Dankeschön, ich werds gleich mal ausprobieren.
Ich hatte früher mal etwas JSF benutzt, aber es hat mir dann nicht so zugesagt. Hatte in Verbindung mit Spring einige Probleme.
Du würdest es aber auf jeden Fall empfehlen?
Da muss ich ja dann auch ein faces servlet auf alle resourcen mappen, oder nicht?

Was die Datenbank betrifft verwende ich eh schon Hibernate.
Soll ich mich da eher an JPA halten, oder würdest du ohne Bedenken Hibernatespezifisches nutzen. (Im Bezug das später mal zu wechseln)

Und schließlich: Funktioniert "user.getId" auch in Verbindung mit SpringSecurity und welche imports brauche ich da.

LG


----------



## F.S.WhiTeY (15. Jun 2011)

Hibernate 3.X kann JPA bzw. ist JPA-Verifiziert. Ist also nix groß anderes und kann weiterhin verwendet werden. 
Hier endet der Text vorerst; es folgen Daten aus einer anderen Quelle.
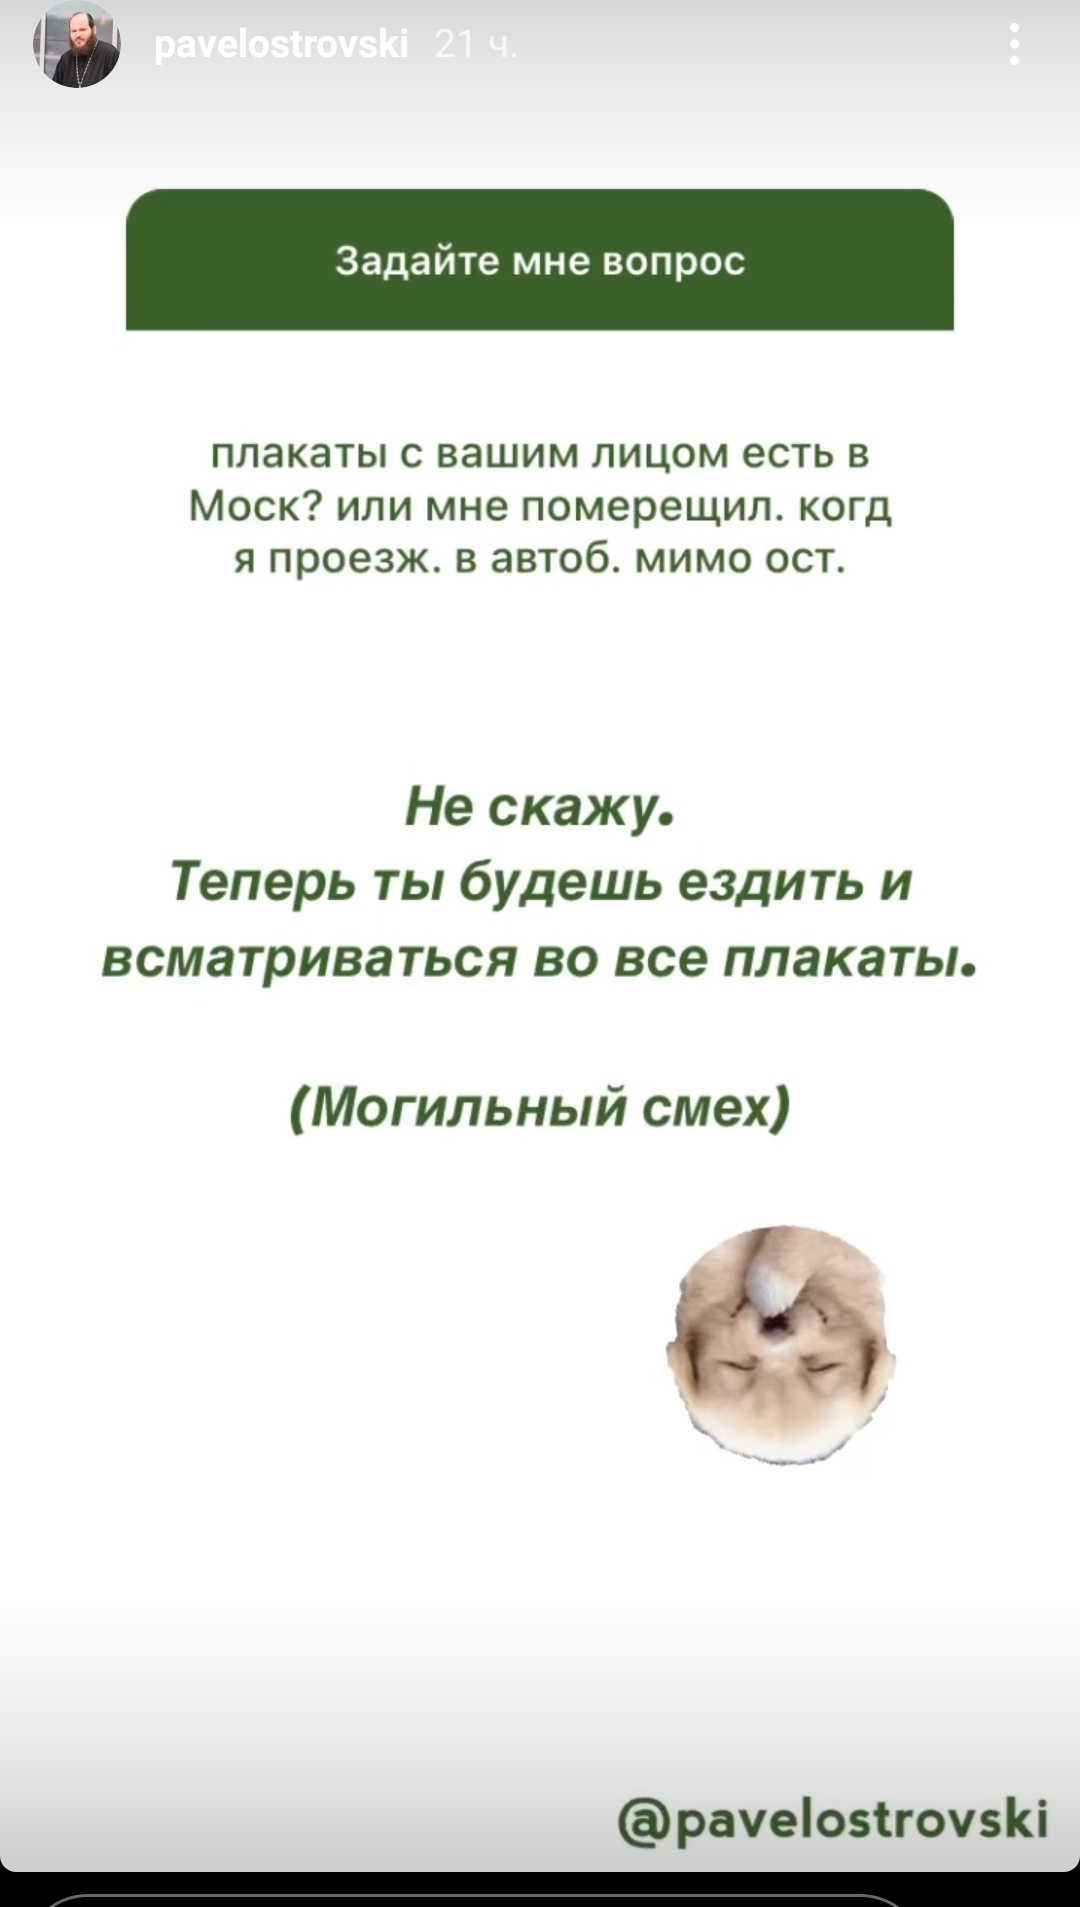 Reply to the post “Humor from an Orthodox priest” - Humor, Priests, Orthodoxy, Instagram, Answer, Reply to post, Longpost, Pavel Ostrovsky
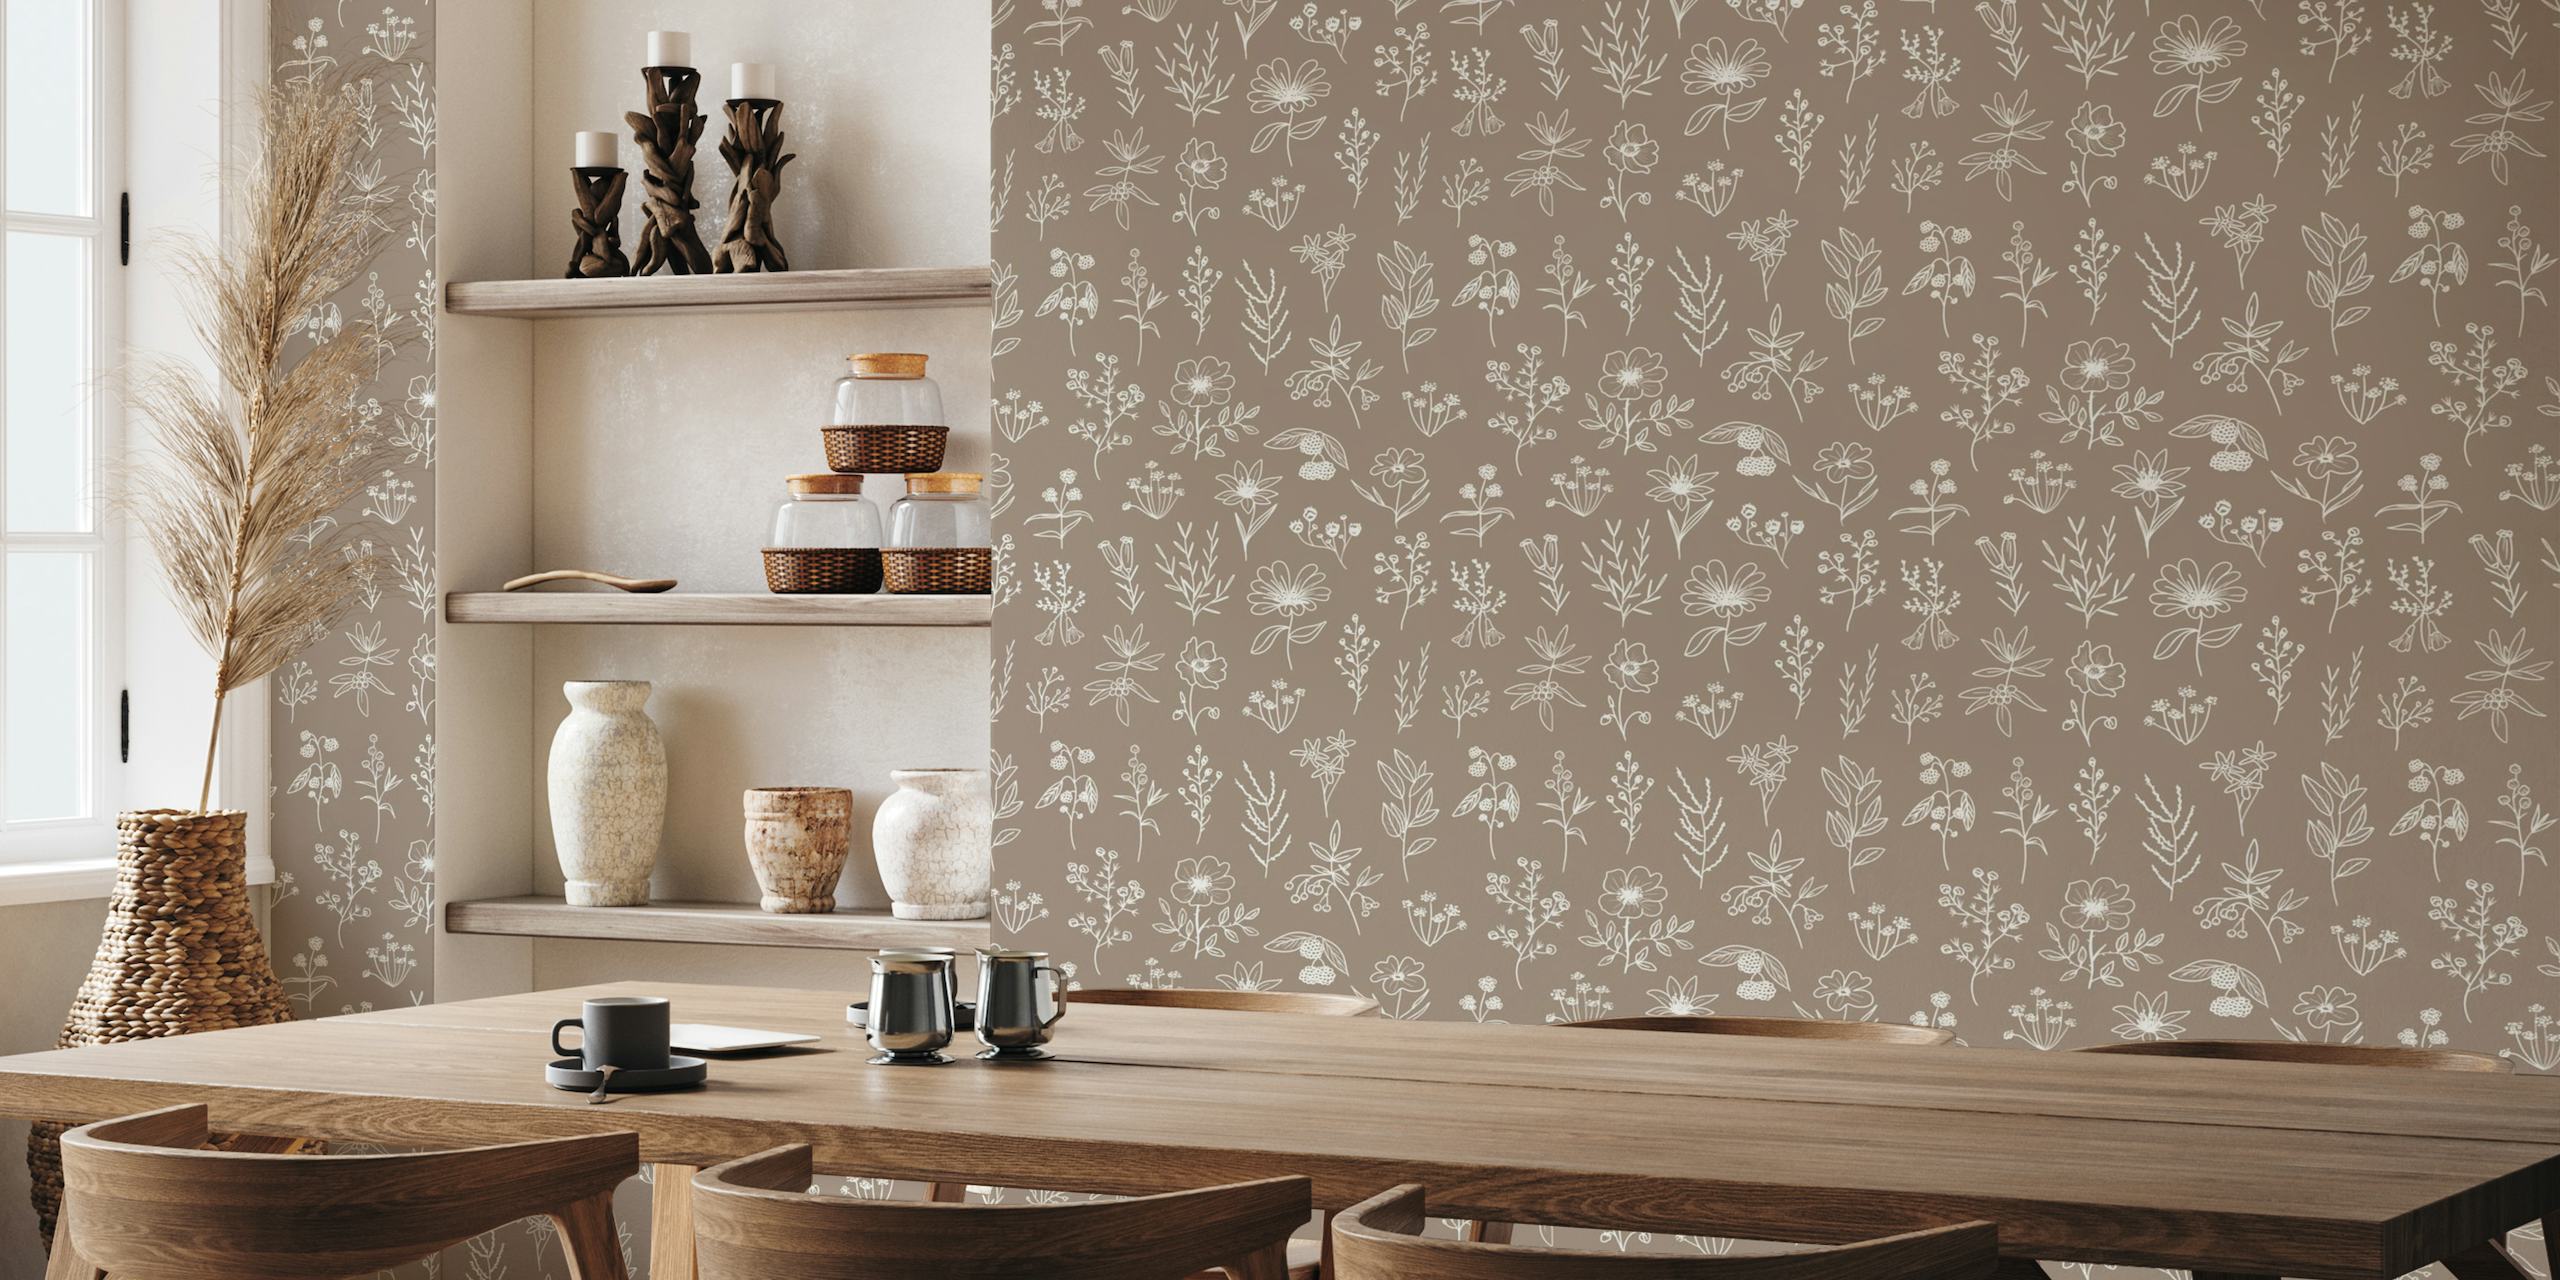 Patagonian Wildflowers Brown Wall Mural with white floral outlines on a warm brown background

JSF 2.0 braucht keinen großen Aufwand und muss nicht gemappt werden. Dafür gibt es Annotationen und das Servelt geht automatisch. Ist bei JSP btw. nicht viel anders. 

JSF 2.0
JSFAtWork, JSF 2.0 und Apache MyFaces

Spring  security braucht neuerdings nur noch das Spring-Security-Framework, welches als Standalone laufen kann. log4j wäre noch ganz ratsam.

Spring Security 3.X
Spring Security


----------



## JanHH (15. Jun 2011)

Ich kenn mich eigentlich nur mit den JEE-Standardtechnologien (JSF, JPA, JEE6) aus, aber wüsste nicht, warum man die nicht empfehlen sollte. Ist ja sozusagen "der vorgesehen Weg", sowas zu implementieren.


----------



## Tarantoga (16. Jun 2011)

Naja, ein Negativbeispiel von JSF ist zum Beispiel, dass die URL immer "nachhinkt", wenn man keinen redirect in den Navigationrules angibt.
Sonst weiß der Browser nicht welche JSP den View rendert und gibt die vorherige wieder.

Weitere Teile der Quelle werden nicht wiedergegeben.